Australian Shepherds require a great deal of exercise and activity. The Australian Shepherd is well suited to life in the country, but can do well if they have ample space to run around in, preferably in a fenced yard. They will require daily runs or walks, and several play sessions. Aussies that live in small apartments or are tied up in the yard will not thrive; they simply must have an outlet for their energy.

Obedience training is very important, in order to curb the herding instinct and help socialize the dog. Australian Shepherds can be very protective, and training can help to calm barking or stop them from becoming overly protective. Obedience class will also establish the owner as the leader. It is recommended that Aussies begin training within the first year of life.
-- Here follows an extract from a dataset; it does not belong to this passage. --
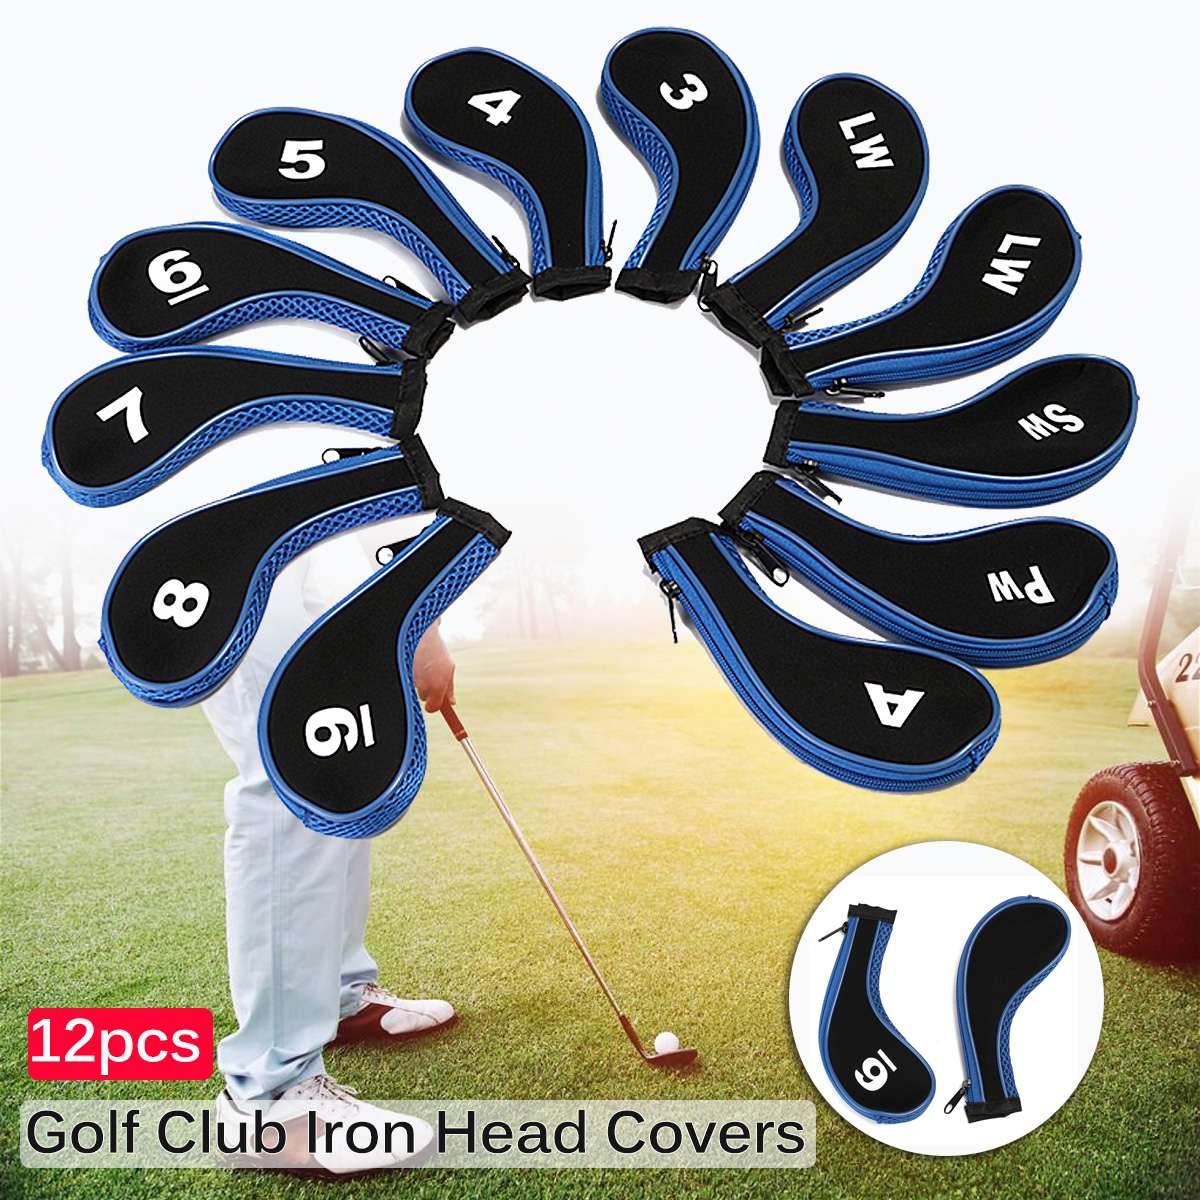 12 stk / sæt golfkøller jernhoveddæksler hovedbeklædning med lynlås lang hals 4 farver: Blå

Owning an Australian Shepherd

Australian Shepherds are more suited to an owner who wants to go for a long run rather than one who wants to watch a lengthy movie from the couch. Because they are so energetic, Aussies often end up at pet shelters and rescue groups because their owners were unaware of how active the breed is. Potential owners should visit reputable breeders or other Aussie owners to become familiar with the dog. Because Australian Shepherds can experience hereditary illnesses, it is imperative to make sure the breeder is licensed and has a good reputation. Potential owners should ask a lot of questions about the puppy’s background in order to ensure they are getting a healthy dog. Adult Australian Shepherds that are adopted from shelters also make excellent pets. With the right amount of patience and consistency, any dog can be retrained, leading to successful pet ownership.